__What is required__: Apart from the pictures, print the data below exactly as given.

__Stored data__:
______
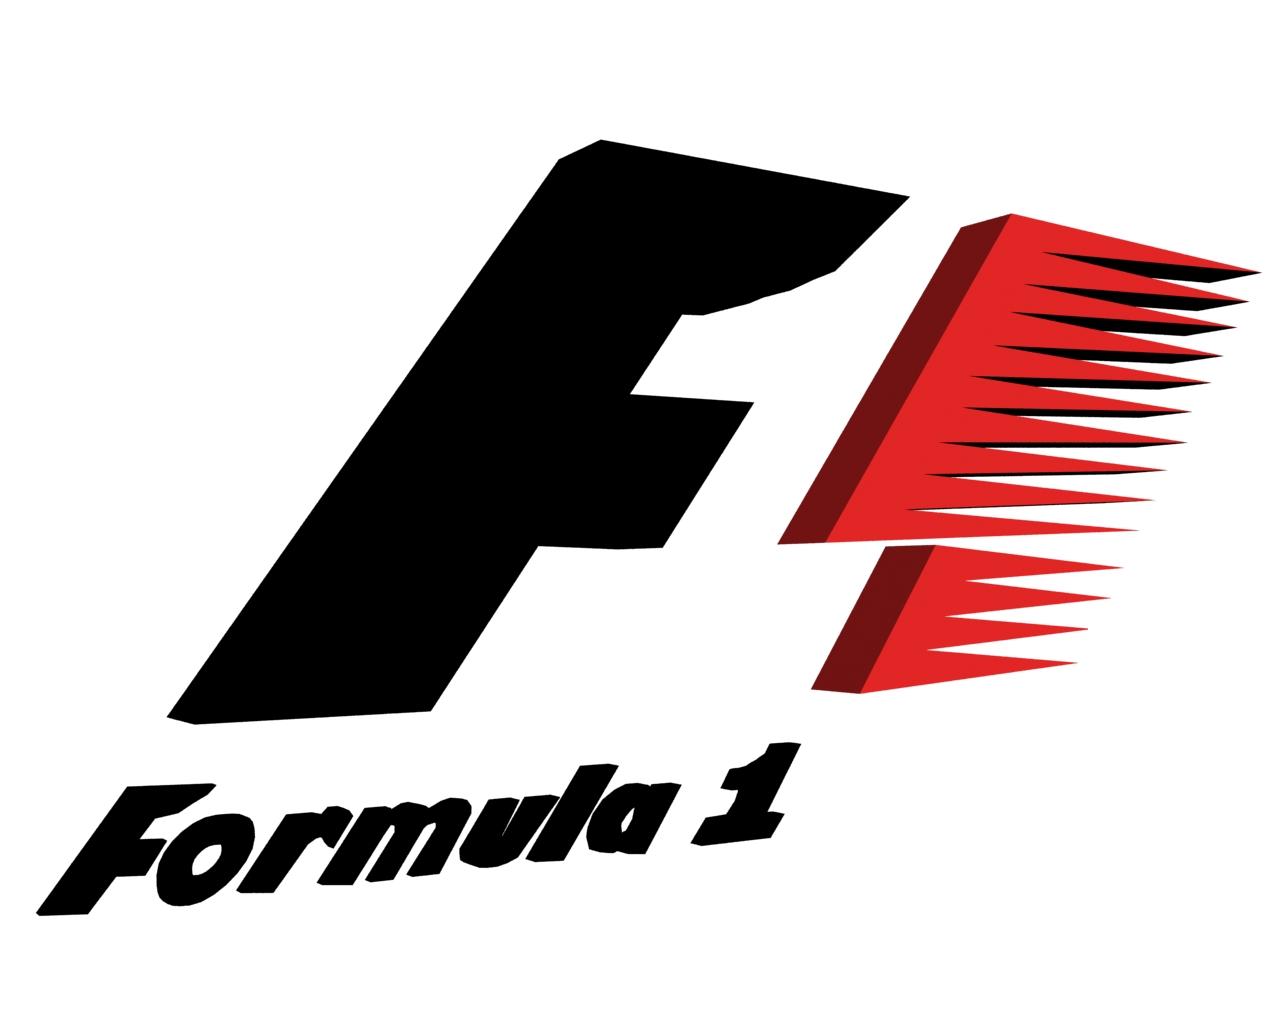 Resultado de imagen para logo formula 1 2016
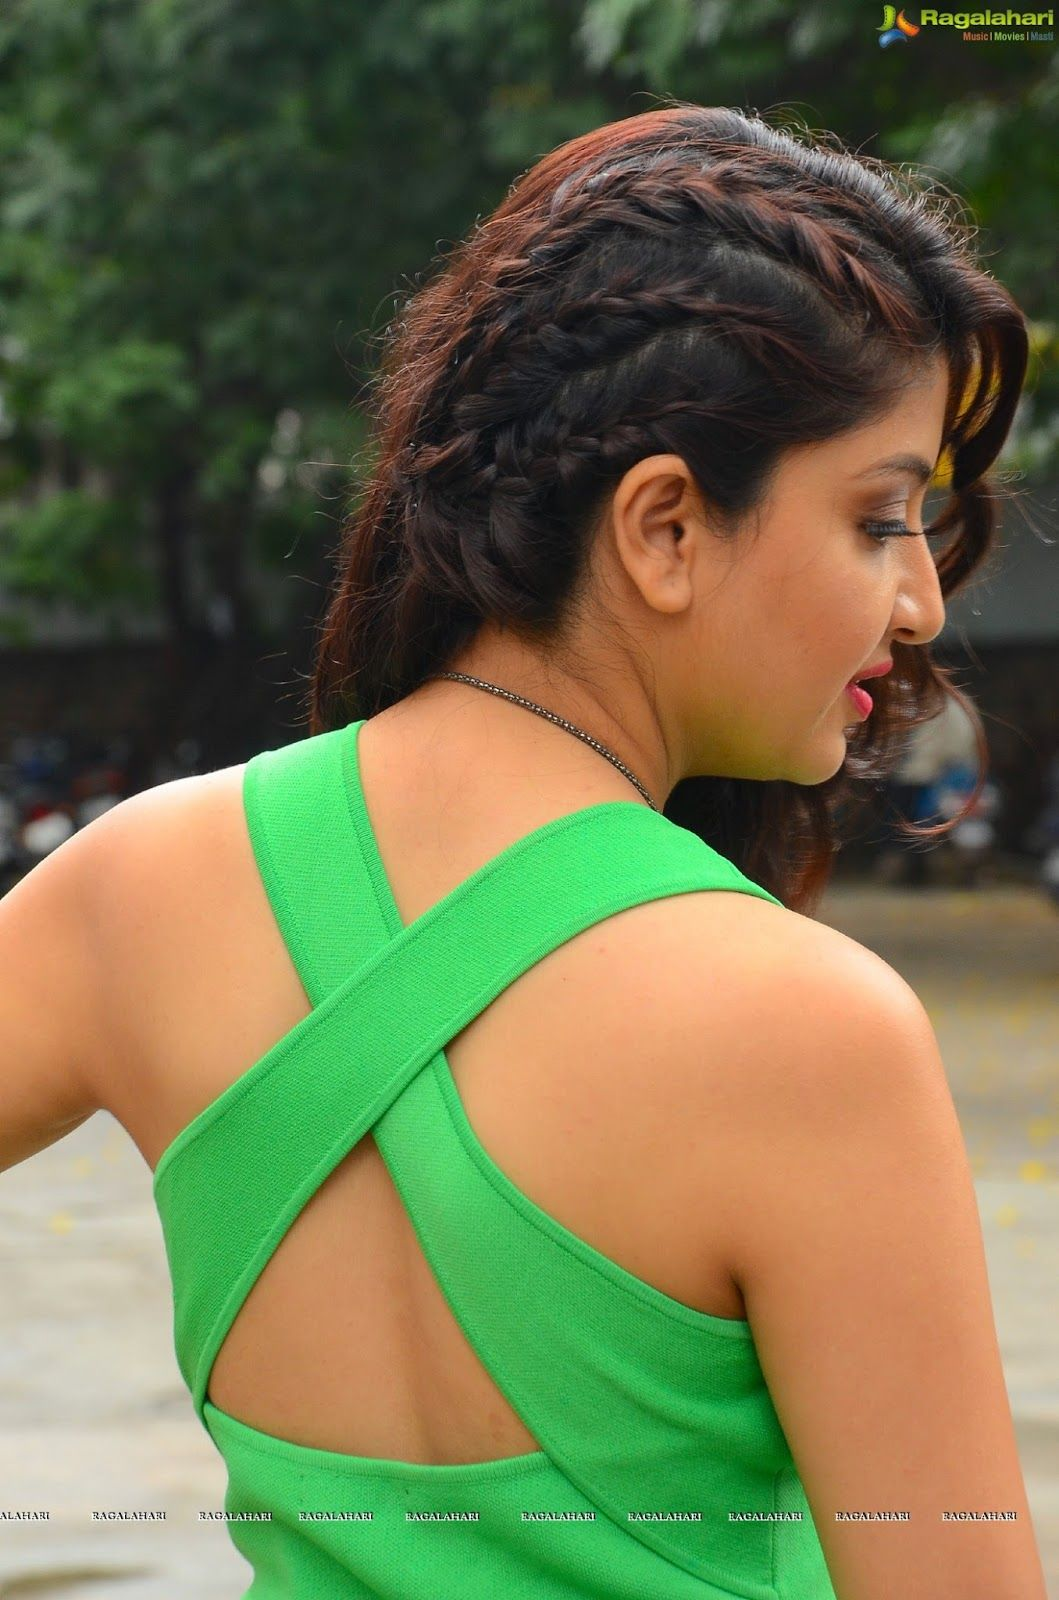 south indian actress poonam kaur pics | poonam kaur images | poonam
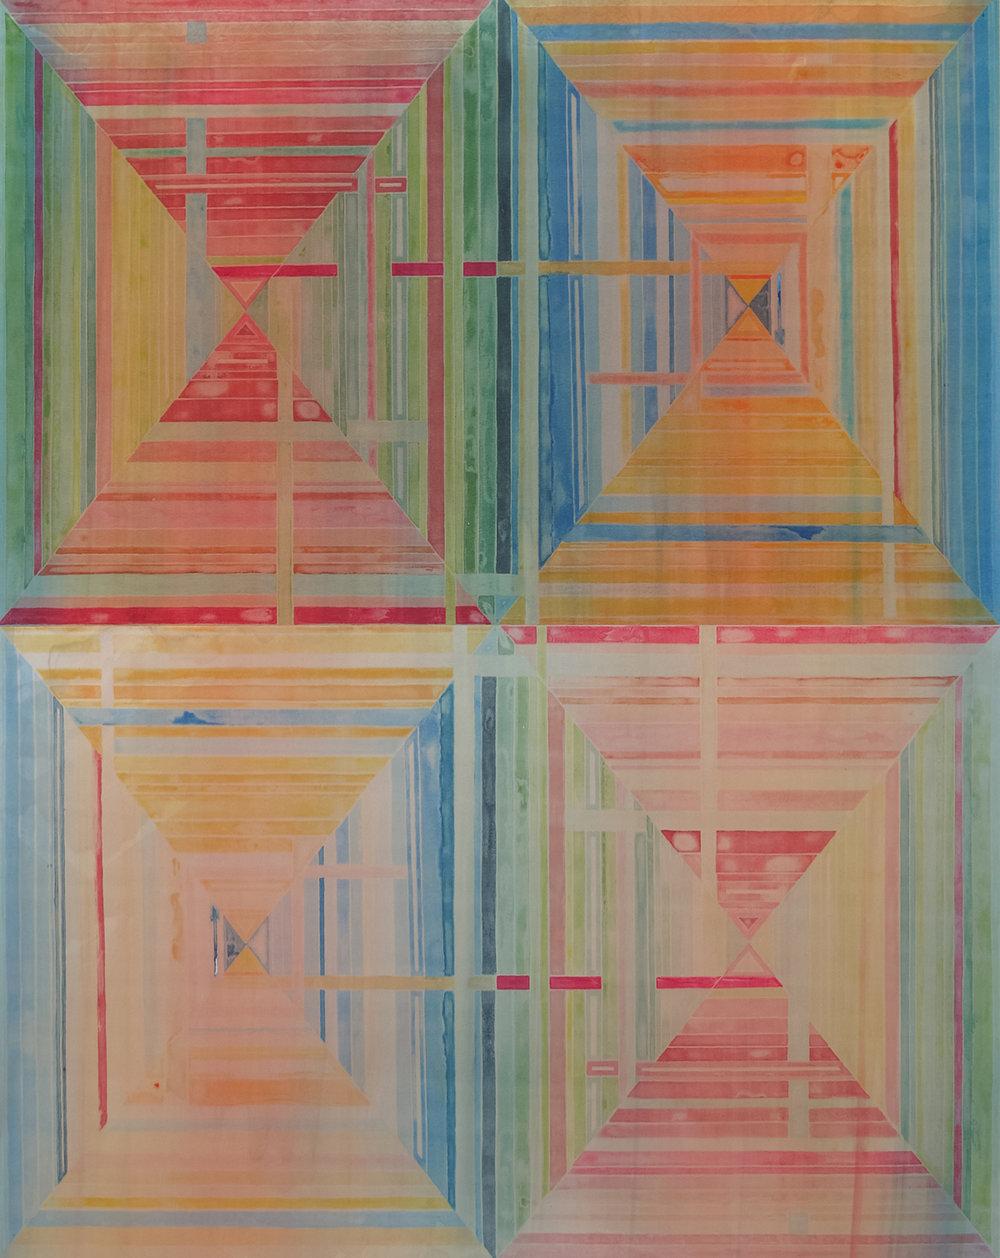 Josh Bindewald, Untitled, monotype
______
__Result for this exercise__:
 Resultado de imagen para logo formula 1 2016
 south indian actress poonam kaur pics | poonam kaur images | poonam
 Josh Bindewald, Untitled, monotype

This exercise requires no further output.